Y es que en los estados nación sobre los que se fundan las democracias occidentales, una cultura viva es un sistema de comunicación e intercambios, una red de jerarquías y lealtades entre grupos con intereses relativamente distintos pero interdependientes, orientada a crear y cohesionar una sociedad nacional. Es decir, en las sociedades democráticas, es necesario disponer de un conjunto lo bastante homogéneo como para que sus miembros se sientan portadores de una voluntad común y sean leales a un interés general. En definitiva, que se sientan vinculados a una nación, sin la cual no tiene sentido un sistema de gobierno basado en la aceptación de la voluntad popular expresada en unas elecciones. Si no se reconstruye permanentemente y de manera eficaz un único interés general, se produce una lógica de división social insoluble, y en lugar de una sociedad multicultural, lo que se consigue es una ingobernable multisociedad con distintas culturas.

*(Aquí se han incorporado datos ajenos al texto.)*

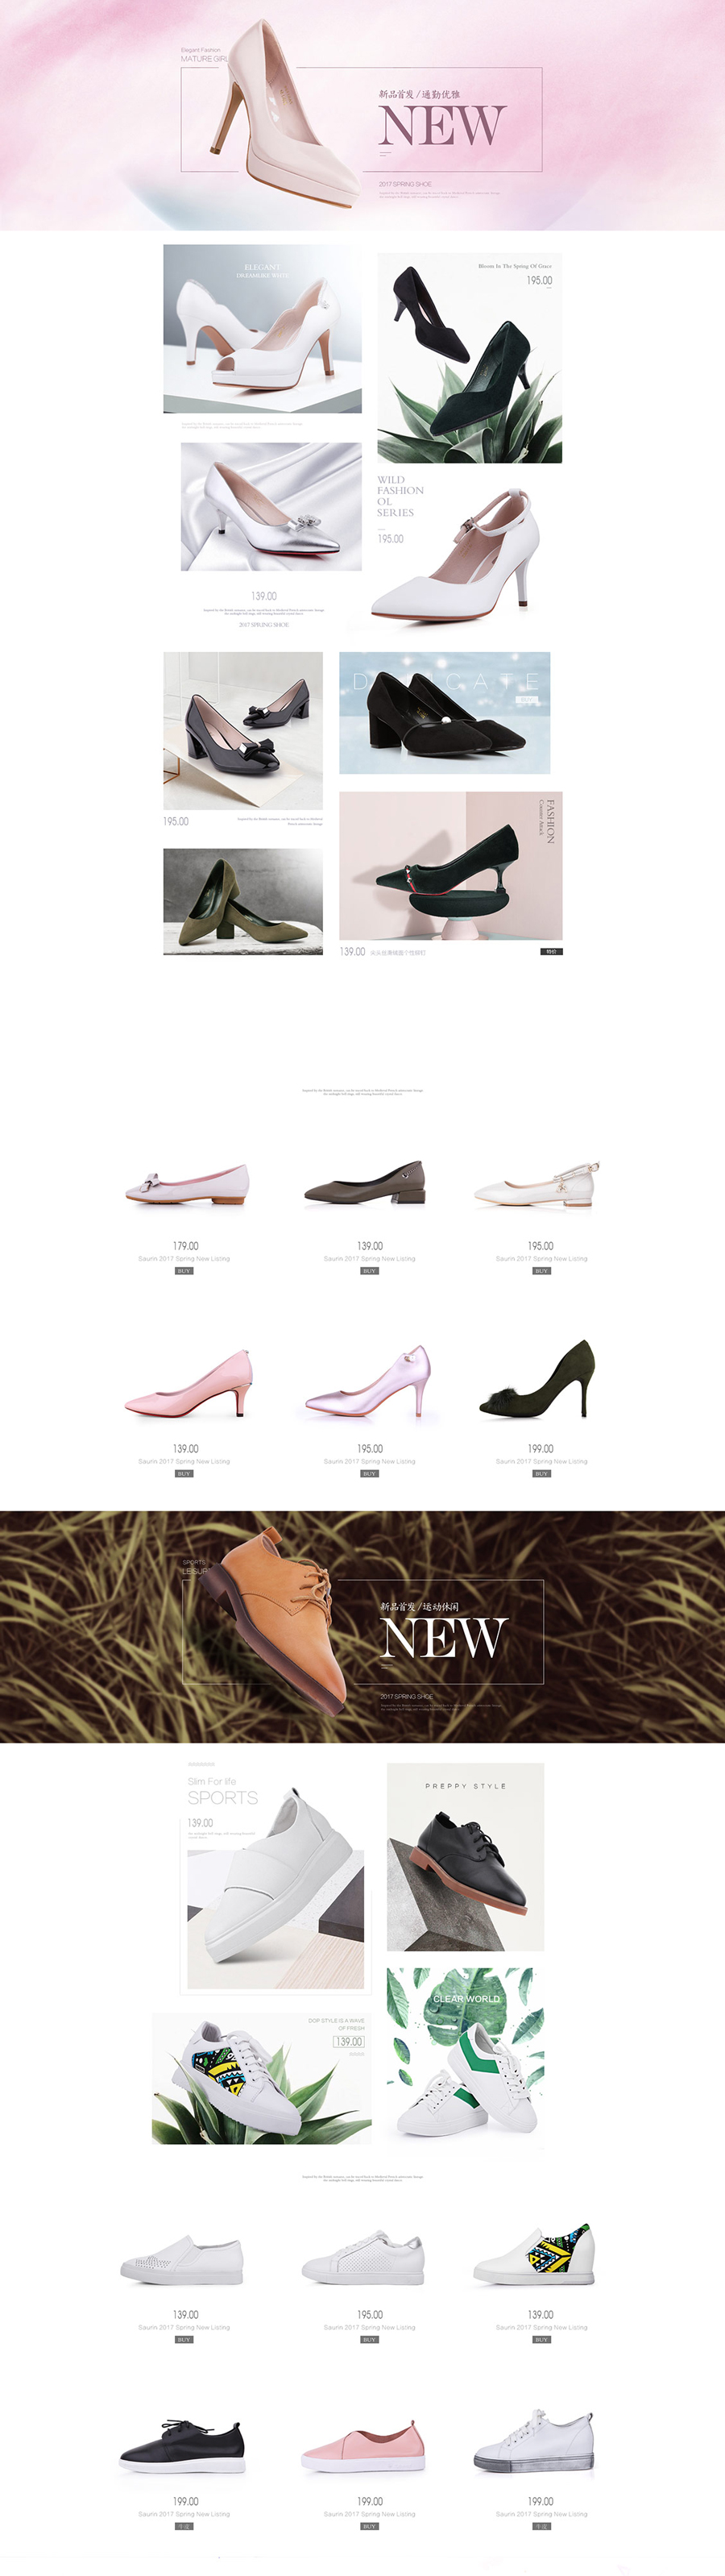 包包活动专题页面设计案例,女鞋专题页面设计案例,索兰女鞋包包活动专题页面设计案例

Es cierto que se suele recurrir a Estados Unidos como expresión de posibilidad de un modelo de sociedad multiétnica. Pero en estos casos el milagro es posible porque la nación política es tan sólida que se impone a las diversidades de origen, convertidas en meros parques temáticos de cartón piedra. Cuando no es así, cuando la diversidad étnica pone en peligro la cohesión nacional política, como ha ocurrido en los últimos años con ciertos grupos de hispanos impermeables a la lealtad al modelo político, lingüístico y de proyecto social norteamericano, entonces también allí se han encendido todo tipo de alarmas.

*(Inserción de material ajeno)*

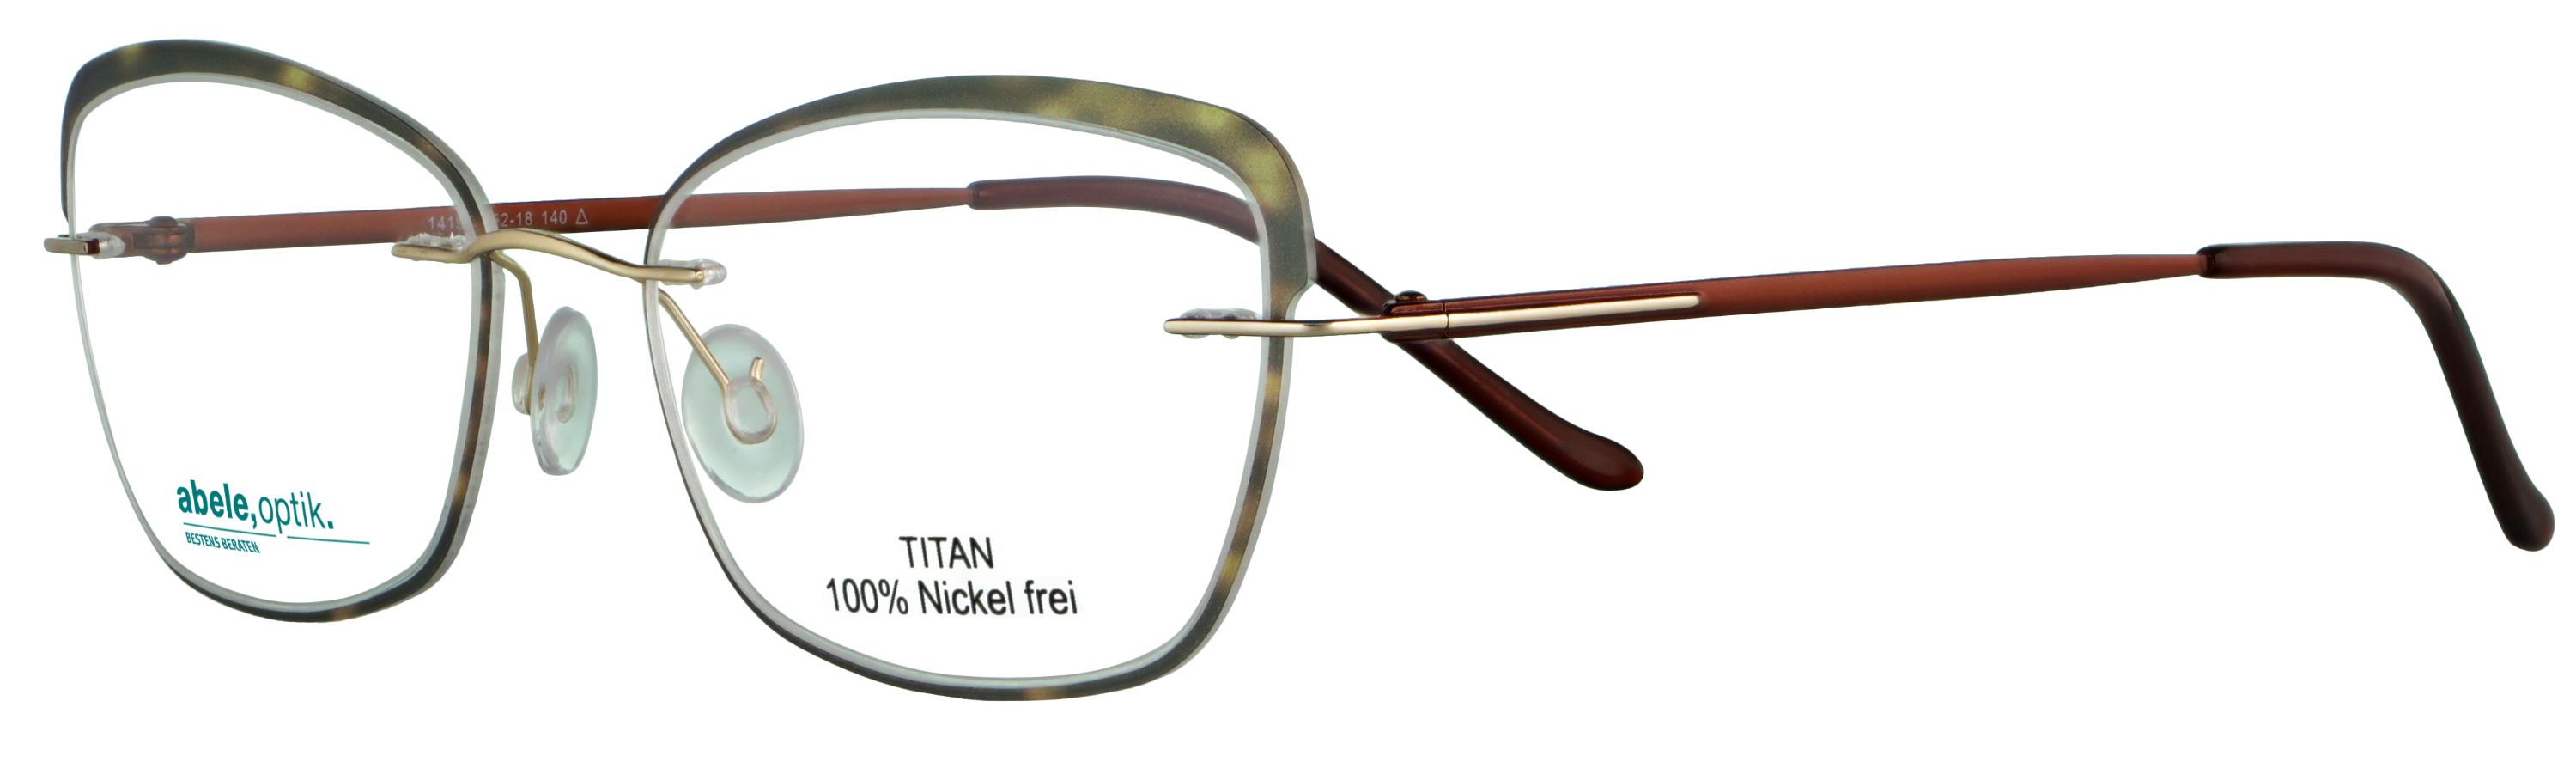 Das Bild zeigt die Korrektionsbrille 141951 von der Marke Abele Optik in braun / gold.

De manera que ante la experiencia cotidiana de la flaqueza de los procesos de reconstrucción de las lealtades nacionales, que son los que fundamentan la posibilidad de una ciudadanía sólida -intercambio de derechos individuales por deberes colectivos-,no vale para nada la retórica vacía de la xenofilia ingenua – tan querida por la izquierda catalana-que pretende cargar toda la culpa del fracaso de la convivencia sobre un supuesto racismo de la población autóctona. El fracaso del multiculturalismo no nace del miedo al otro de los autóctonos, porque suele ser el otro quien se encierra en unos orígenes impostados y exagerados por su miedo al nosotros nacional en el que ha encontrado el amparo laboral, escolar, médico y social que no tenía en su país de origen.
Afortunadamente, hasta ahora, Catalunya no ha sido una sociedad multicultural. La larga e intensa experiencia en procesos migratorios nos ha hecho una sociedad extraordinariamente abierta y porosa en la que el extranjero ha podido encontrar acomodo.

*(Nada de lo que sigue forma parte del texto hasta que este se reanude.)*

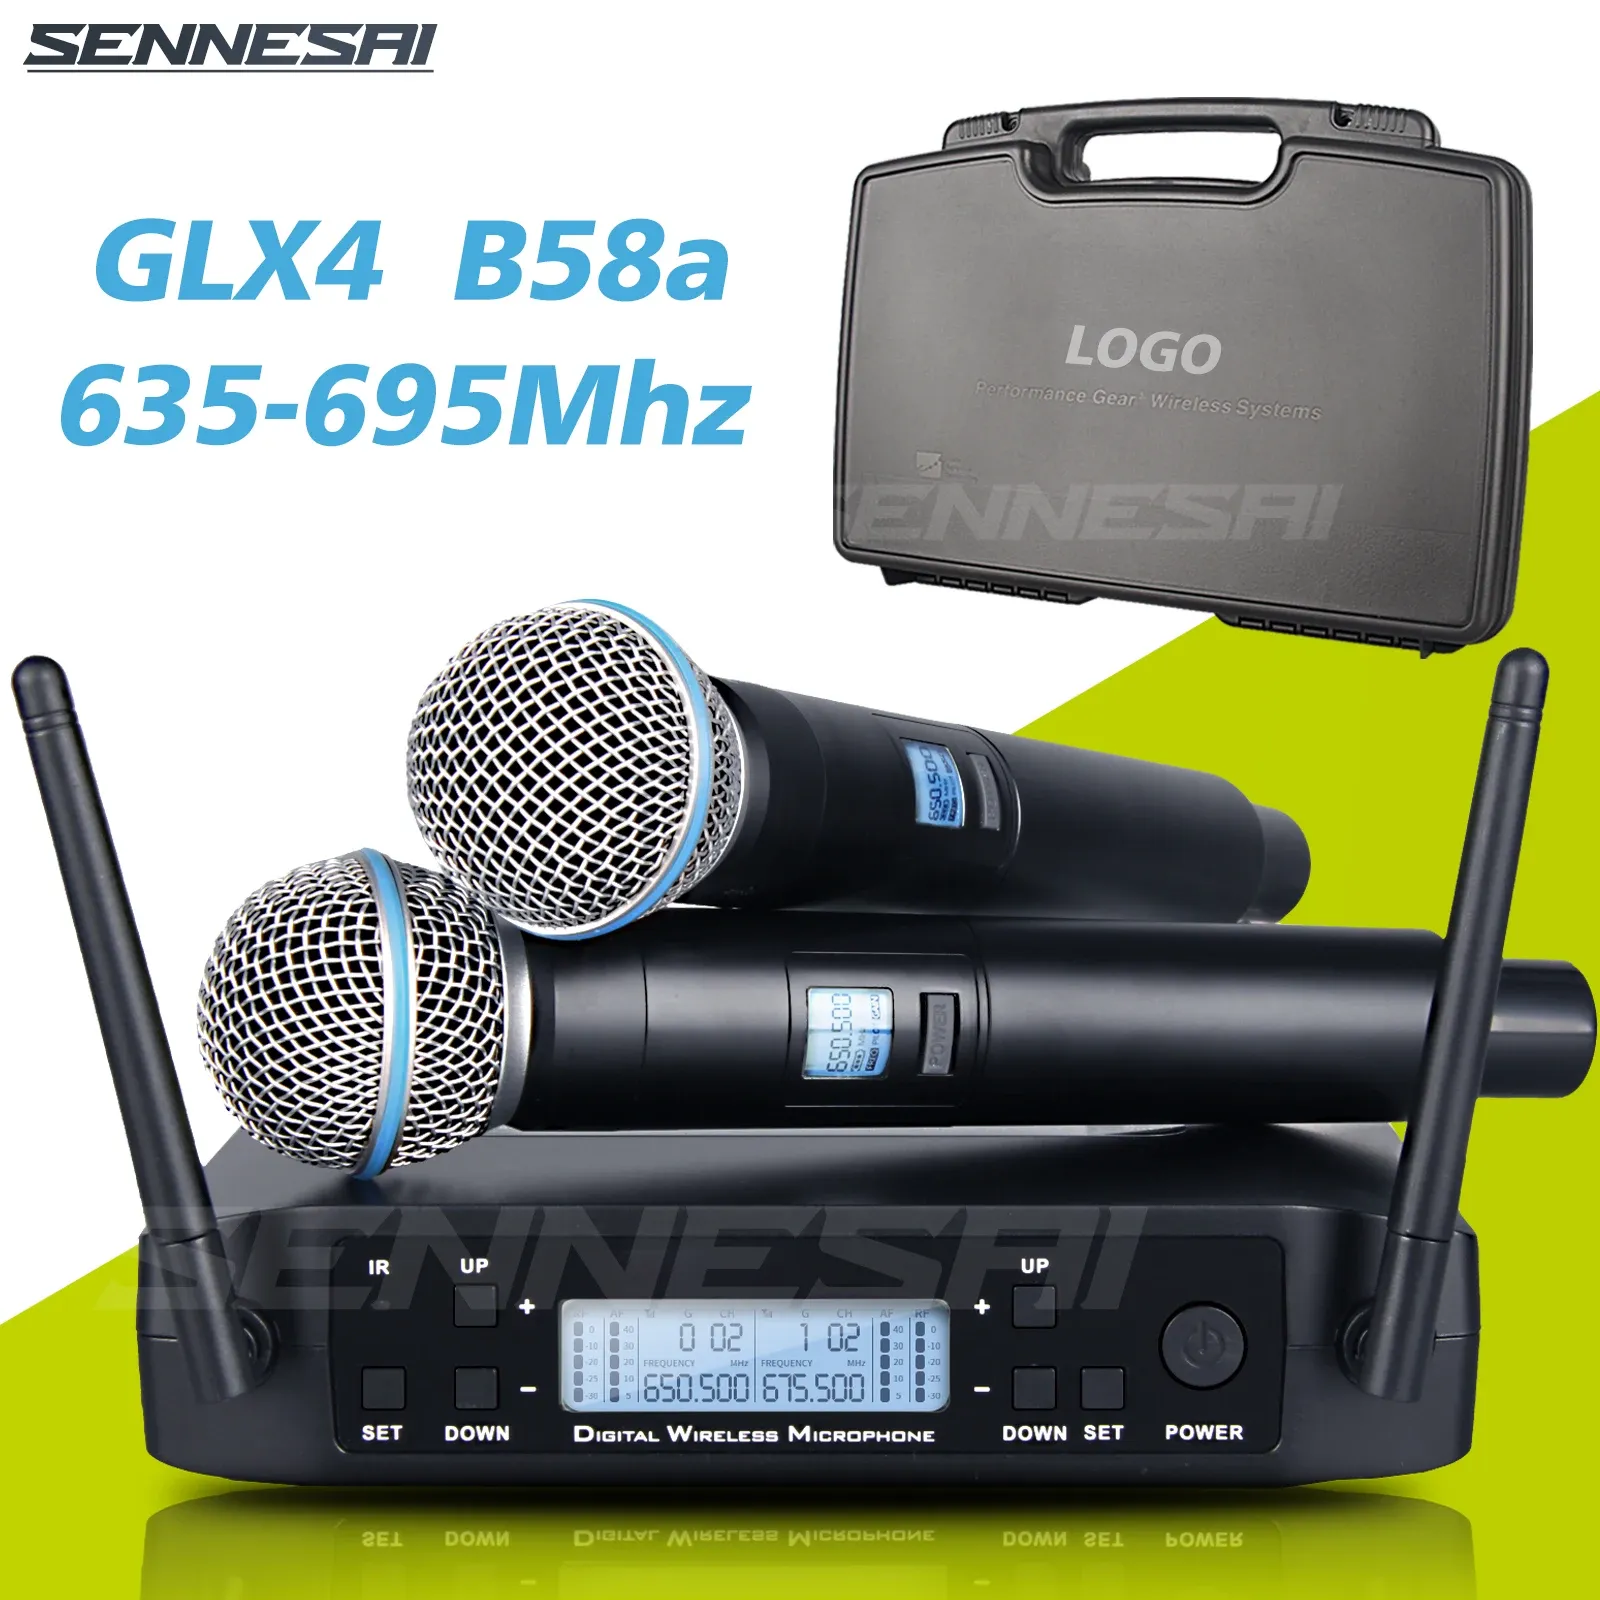 Микрофоны Sennesai GLX4 Профессиональный двойной беспроводной микрофон 600699 МГц.

Nadie podrá decir que no se han dado muestras, también ahora, de esta gran capacidad de recepción, que requiere muchos esfuerzos económicos, institucionales y personales. Hablen ustedes con los maestros o los médicos que trabajan en zonas de fuerte inmigración y sabrán lo que es una sociedad volcada al éxito de la disolución de los muros de la multiculturalidad. Pero es cierto que los esfuerzos valen y se justifican sólo en la medida en que dan resultados. Si no, la frustración se traduce en conflicto yen voto a quien reconoce su gravedad. El multiculturalismo ha sido una gran mentira piadosa de consecuencias graves allí donde se ha practicado.